As already mentioned, it's my final job.
I've been in Ghana since March 31st, a total of 52 days now - that's longer than some people have been alive. Two people specifically: a baby called Ella and a baby called Isaac. Ella - named, perhaps, after Ella Fitzgerald - is a mere three days old (meaning I have been in Ghana over 17 times longer than she has existed) is the daughter of my brother and his wife, thus making her my niece; Isaac - named, perhaps, after Isaac Asimov - is now thirty days old (meaning I have been in Ghana a mere 1.7 times his existence) is the son of my cousin and her husband, thus making him my... second-nephew? Cousinson? Sub-nephew? I bet the Koreans have a proper word for this.
So it's been more than a lifetime here in Ghana, and it's not over yet.
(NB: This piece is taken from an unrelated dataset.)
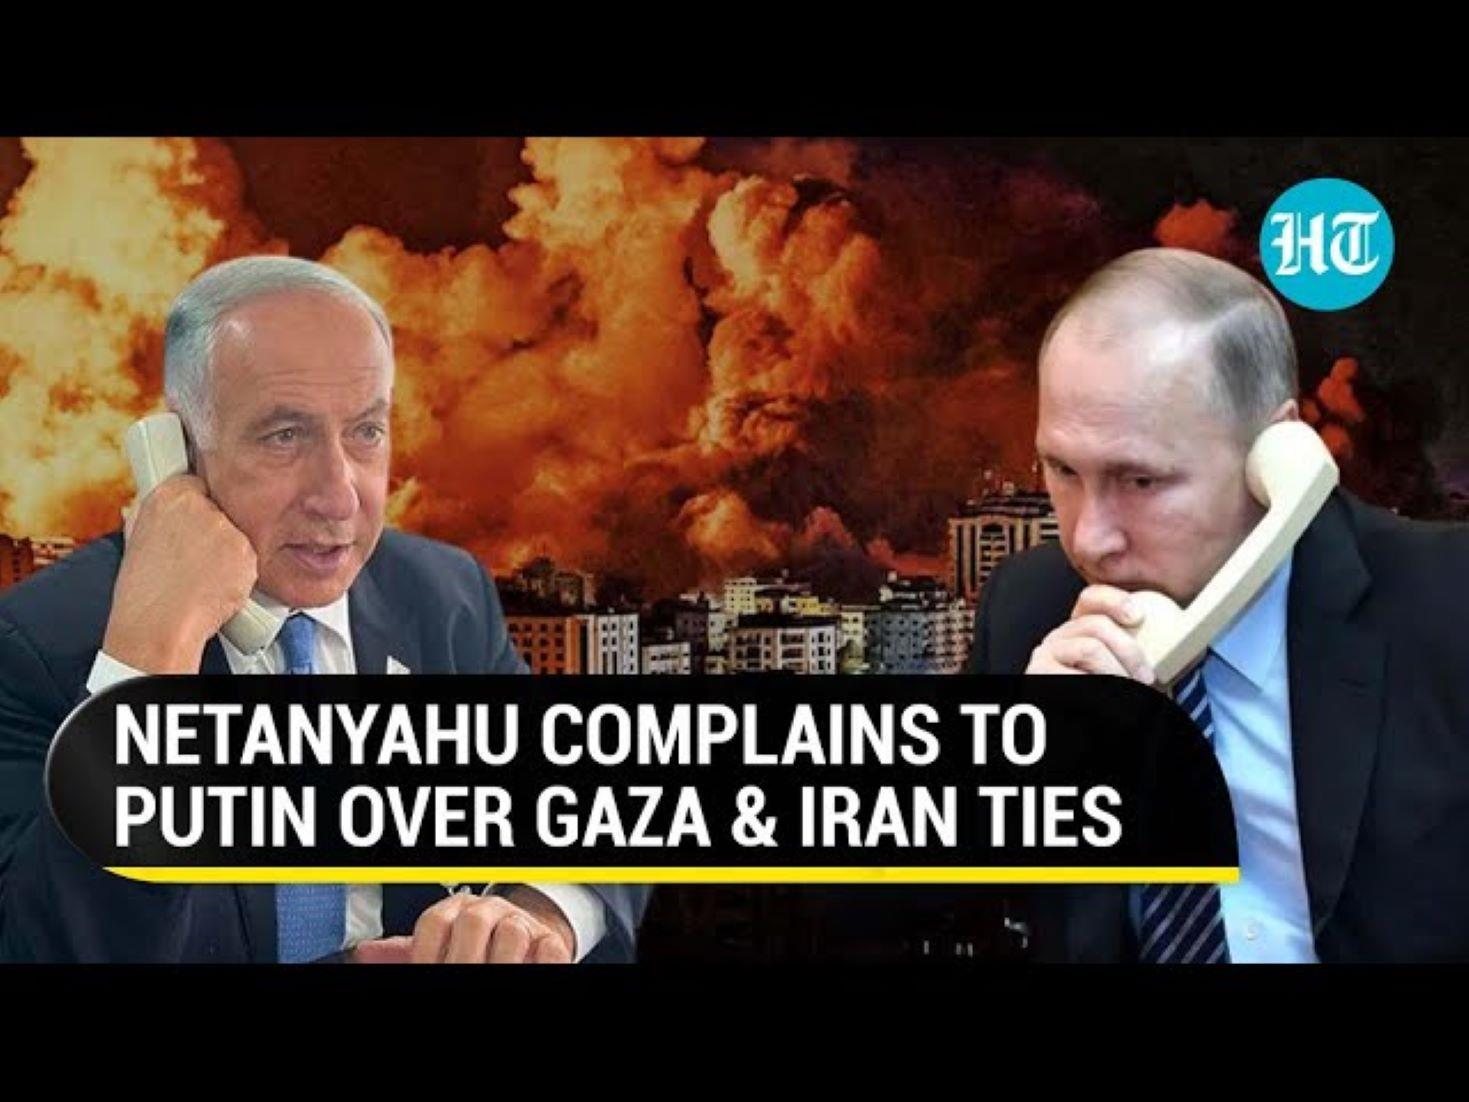 Putin, Netanyahu Discuss Gaza Over Phone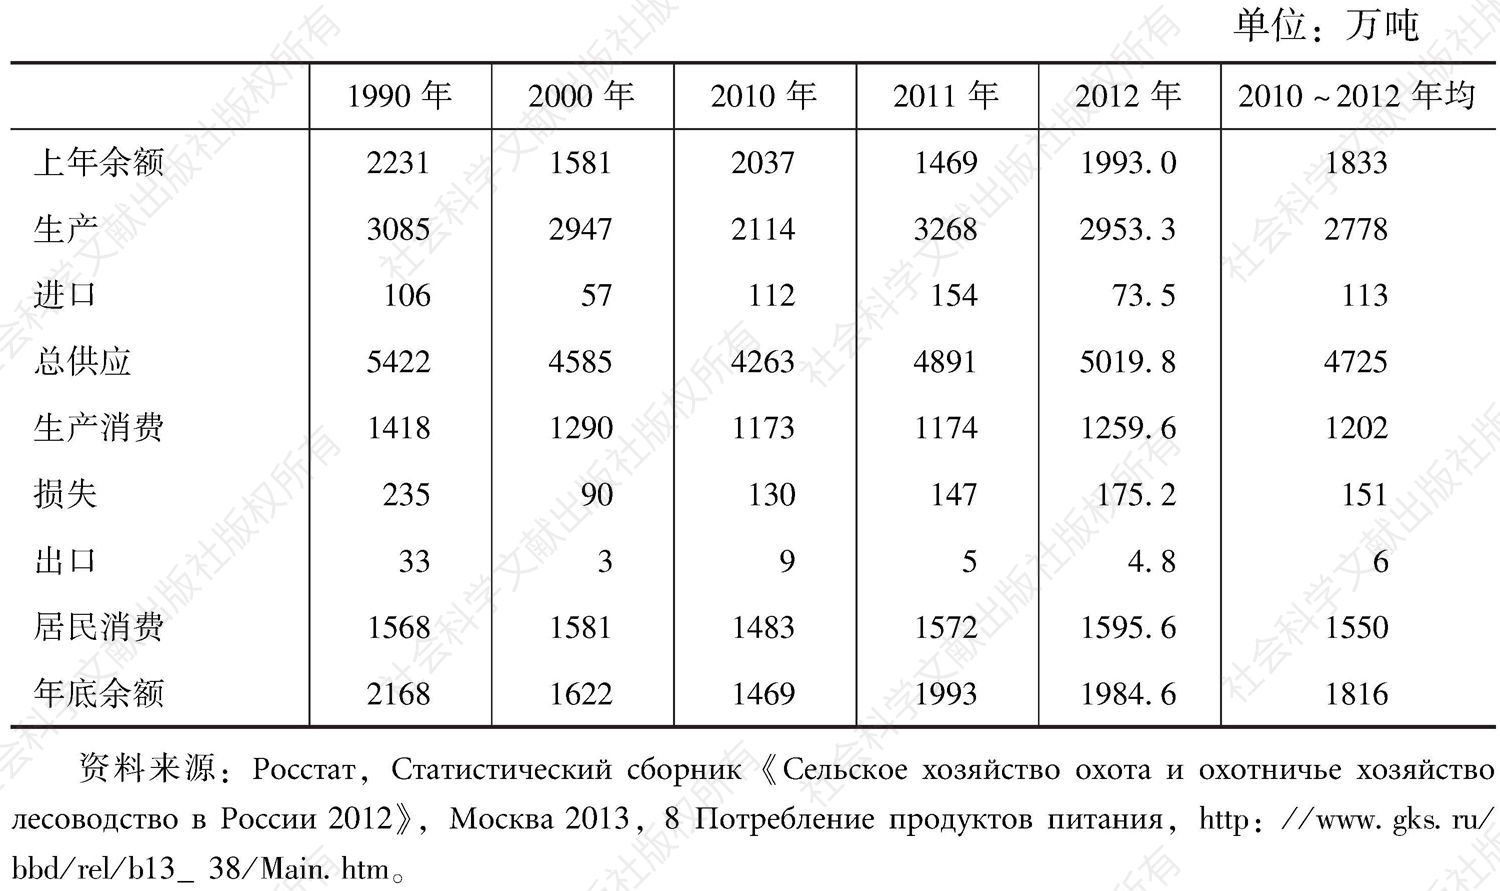 表2-31 俄罗斯的土豆生产和消费统计

The last five weeks have been spent offshore, aboard a 10-year-old drillship that already acts like an unsteady pensioner. Really, I've never been on a rig or drillship that seems so uncertain in the water. Aboard a floating vessel a bit of movement is to be expected, even on one of oil rig proportions, but on here the rocking motion is taken to distracting levels. Crane lifts are the most disturbing - 10,000kg objects turn into giant wrecking balls as the crane desperately fights to control the movement, sending personnel sometimes literally diving for cover as they flail around, slamming into anything in its path. Even without a load the crane is hazardous; standing, supposedly safely, in a bay yesterday, the large lifting hook swung quite violently into the bay and would have smashed my head way beyond concussion had I been standing a few steps differently.
Likely, I have another week or two here, before I go home, finally and once-and-for-all. Job over and, well, the whole actual job over. No more oil rigs, nightshifts, helicopter rides, helideck strolling, or misanthropic 50-year-olds who view all women as prostitutes but whom I have to appear friendly towards because they are the client and pay our wages. Five years of this alternative world will be over. For better and for worse, in many sincere and different ways.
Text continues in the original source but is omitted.